4.1.1. We create OTU file without taxonomic annotation. This, because the annotation comprises several columns of different lenght for each OTU. I removed taxonomy by opening the file on excel and removing those columns. I named this new file Decontaminated_OTU_table_no_taxa.txt
4.1.2. Run script that calculates relative abundance of OTU table without taxonomic annotation. We give the script the name of our OTU table without taxonomic annotation and an output name. I named my output file Decontaminated_OTU_table_no_taxa_rel_abund.txt
./get_rel_abund_OTU.py Decontaminated_OTU_table_no_taxa.txt Decontaminated_OTU_table_no_taxa_rel_abund.txt
4.1.3. Add back the taxonomic annotation to the table and analyze the results to select the most relevant OTUs.

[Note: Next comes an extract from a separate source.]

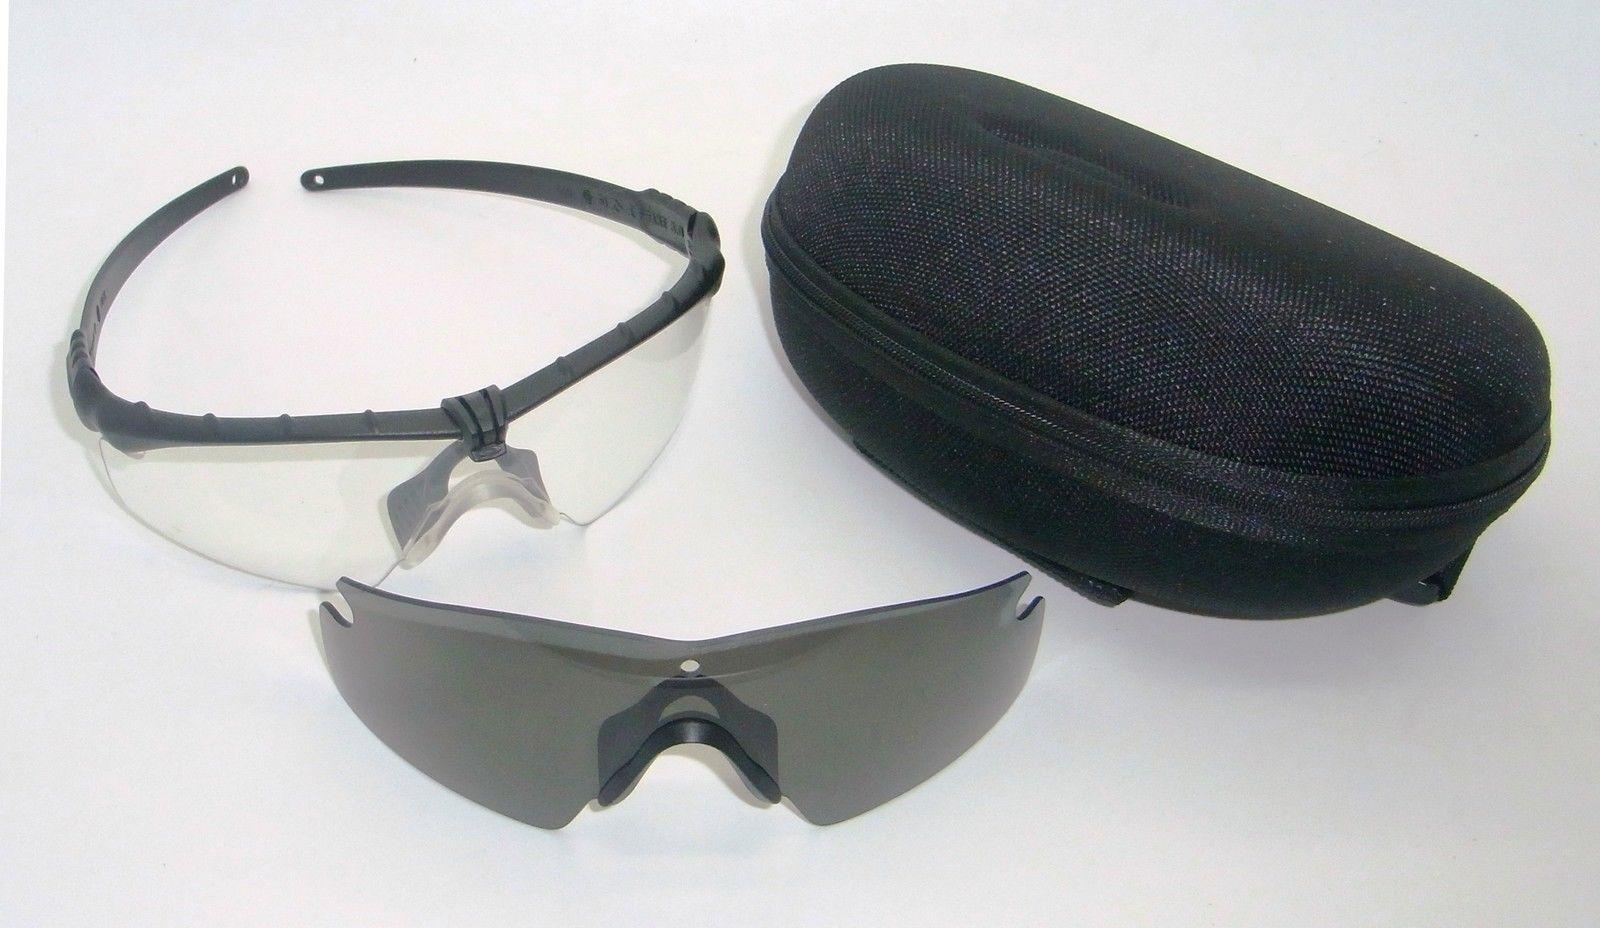 Oculos Oakley M Frame Strike Preço | Louisiana Bucket Brigade

This was done filtering by the following criteria, and selecting the OTUs that fulfilled at least two of them:
- It is present with a relative abundance higher than 0.0001 in at least 20 samples.
- It is present with a relative abundance higher than 0.05 in at least one sample.
- The average abundance of the OTU is at least 0.01.
Then we create a file containing a list of the selected OTUs to calculate the relative abundance of the zOTUs for those OTUs. I named this file otu_list.txt and it contained 28 OTUs.
4.2. Calculate relative abundance for zOTUs. Now that we have out list of selected OTUs we can get the relative abundance for the zOTUs associated to those OTUs.
./get_zOTU_rel_abund.py otu_list.txt Decontaminated_zOTU_table.txt
This script outputs individual files named after the OTU associated to the zOTUs. They contain zOTU tables with relative abundance. Relative abundance of zOTUs was calculated with OTU abundance for each sample as the total.
We selected the most relevant zOTUs for our study if they fulfilled the following criteria (all of them):
- They were represented by a total of reads of at least 100.
- Their maximum relative abundance was at least 1%
- They were present with a relative abundance of 5% in at least one sample.